I removed the aluminum tray from under the roasting bones and added the marrow to the dutch oven along with some fresh Rosemary and Basil from my garden.



And let the bones continue to roast until they reached the desired color I was looking for.



Back onto the kamado indirect and this is how it's looking after 4 hours roasting with 1.5 Gallons of water added.

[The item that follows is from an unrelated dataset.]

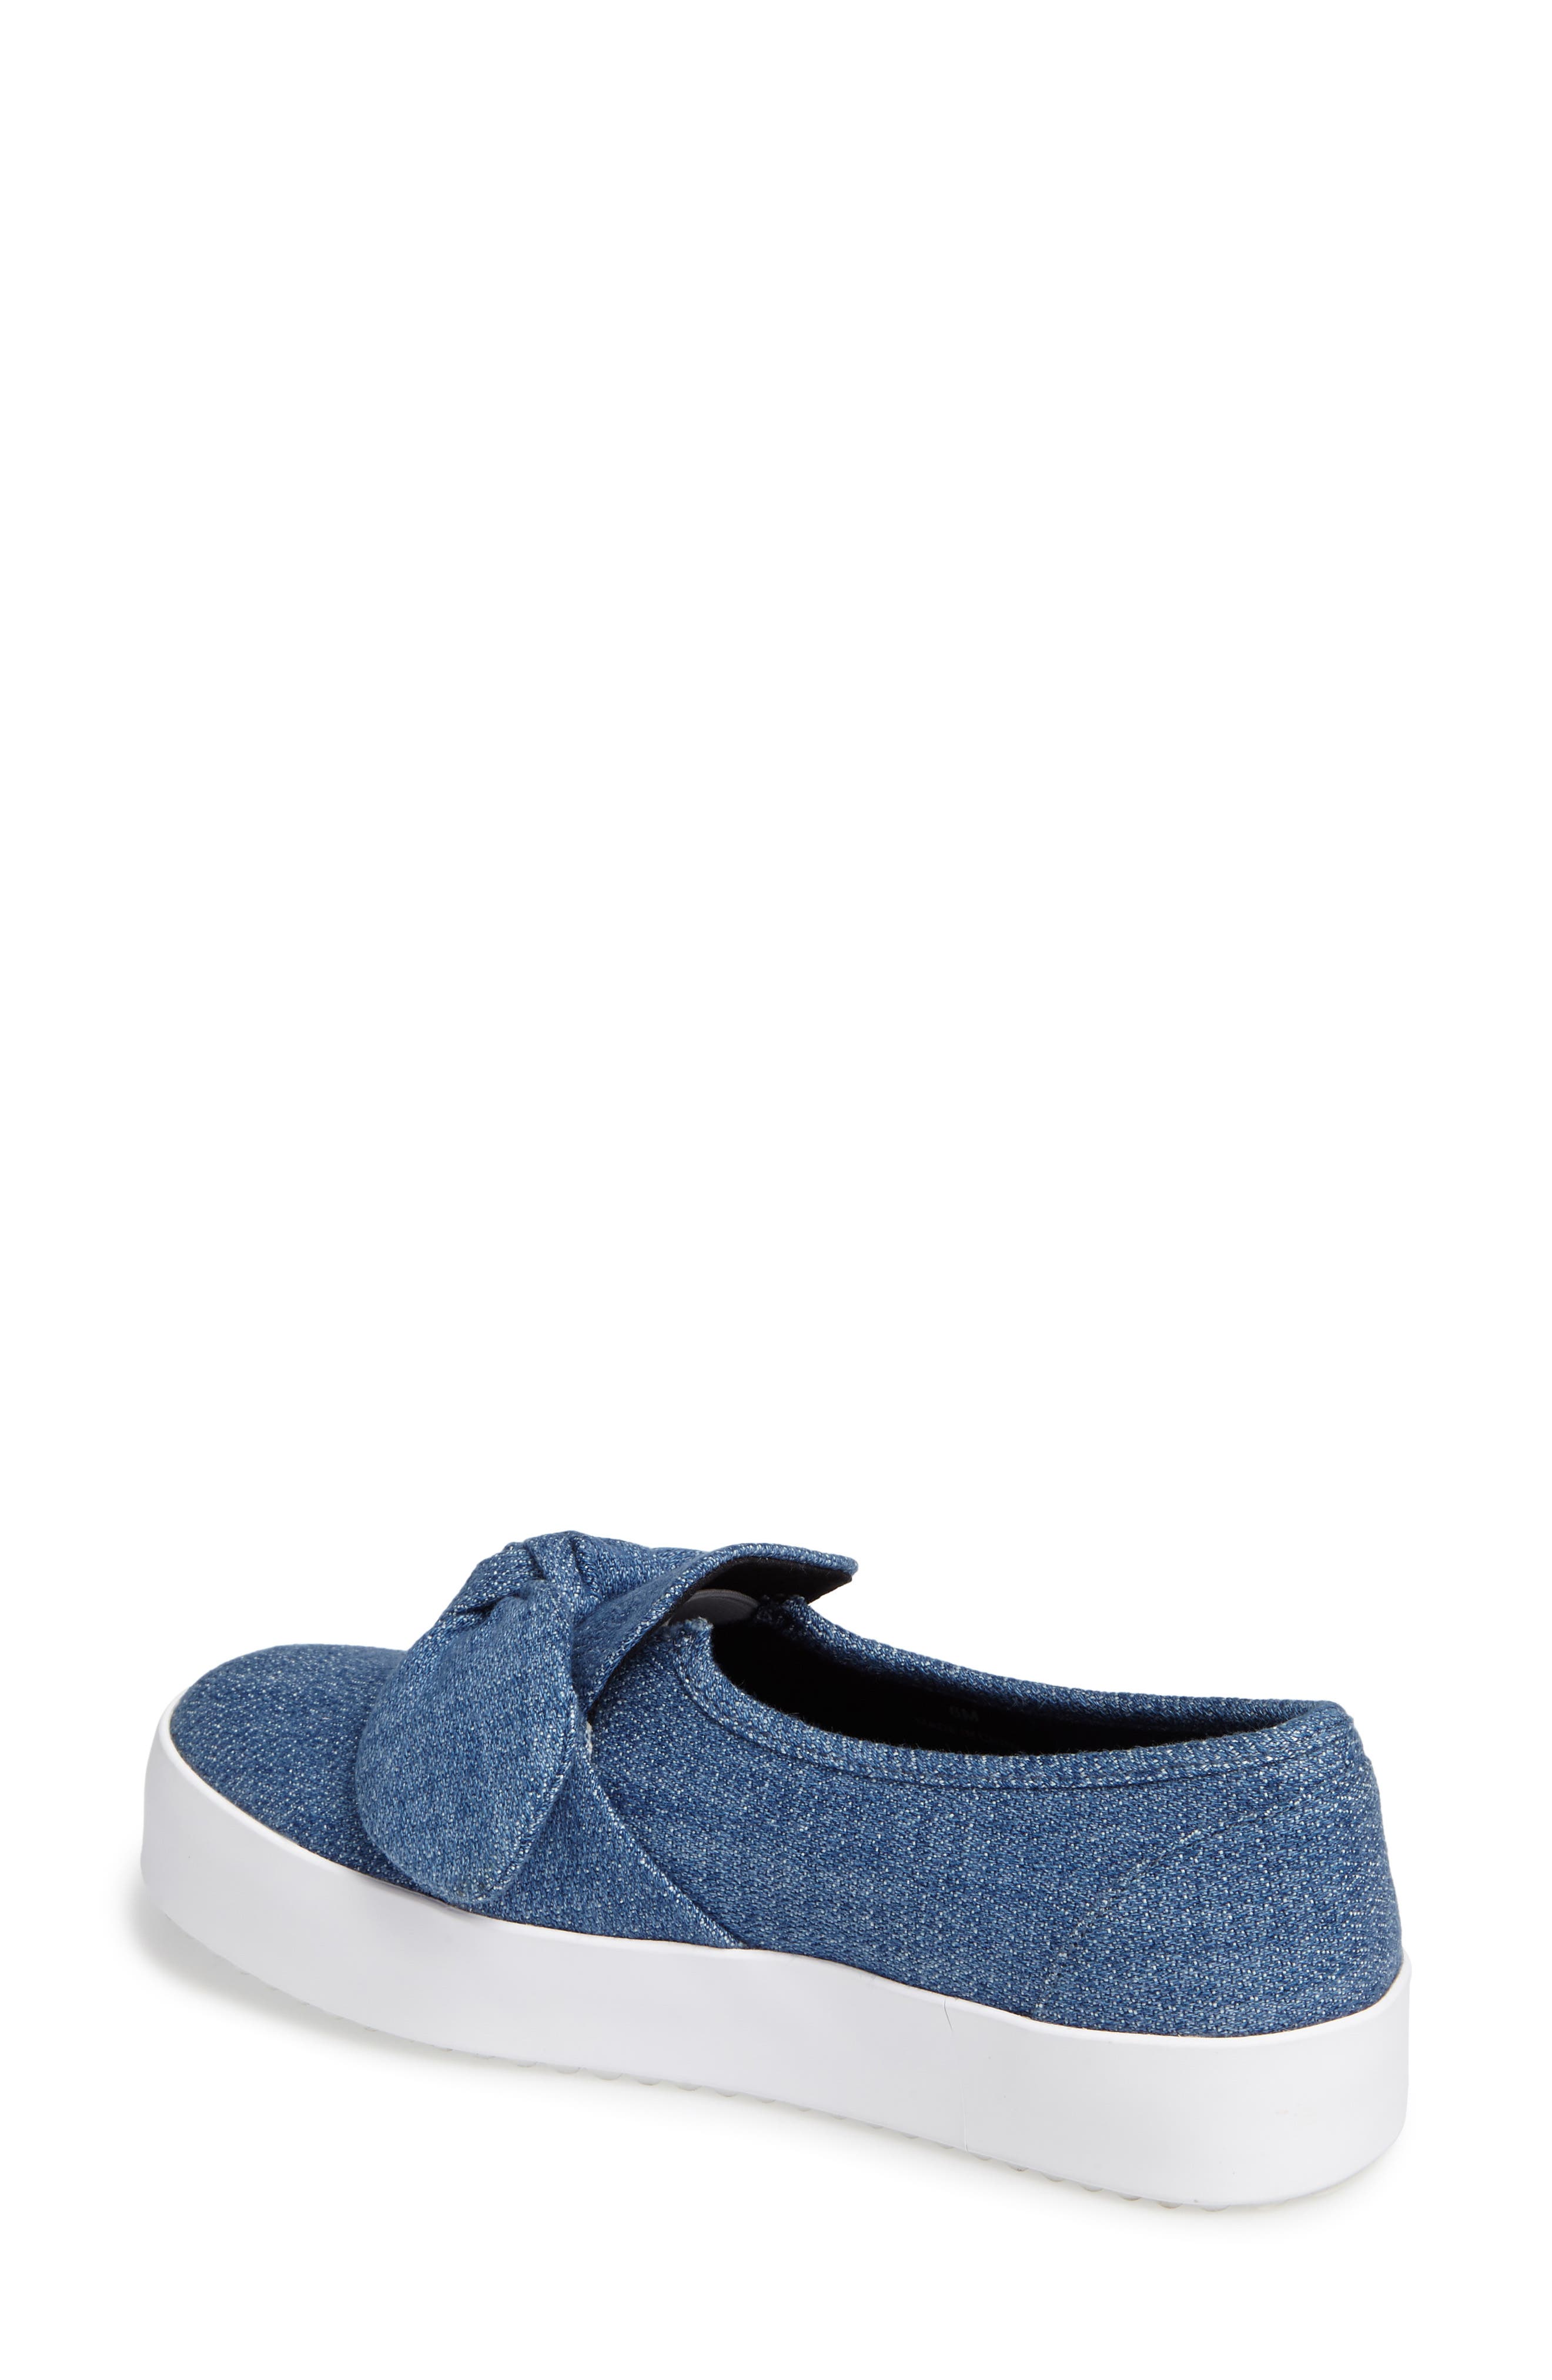 rebecca minkoff stacey bow sneakers

Stay tuned, I think you all know where this is going! :wink:
 
Lovely work Jed.
Both I and (recently) AussieSmoker make Demi Glace, I freeze mine in coffee styrofoam cups for use as needed.
It is a long process, but sadly the resulting product goes in about half the time yu anticipate.:sad:
 
Lovely work Jed.
Both I and (recently) AussieSmoker make Demi Glace, I freeze mine in coffee styrofoam cups for use as needed.
It is a long process, but sadly the resulting product goes in about half the time yu anticipate.:sad:
For sure Buccs, but as you know, we have a Gravy Throwdown going on. I would like to see you enter and bring some of your culinary expertise to light. I know you got it......so BRING it! Never can have enough Demi Glace.
 
Sorry, no pics the lot is chilling in the cool cast awaiting some fat skimming in the morning. Nothing to show for now, move on, nothing to see here! Thanks for checking in though.
Jed
 
Day 2 we now have Espagnole sauce.

Yesterday we ended with this.



After an overnights rest in the fridge, I pulled it out at noon and skimmed the solidified fat off the top and added 1/2 gallon of water and back on the kamado it went for another 4 hours slow roast at 300, degrees. Here are the results after a strain through a extra fine China Cap.





It's back in the fridge till tomorrow when I will skim the fat and prepare the TD entry dish!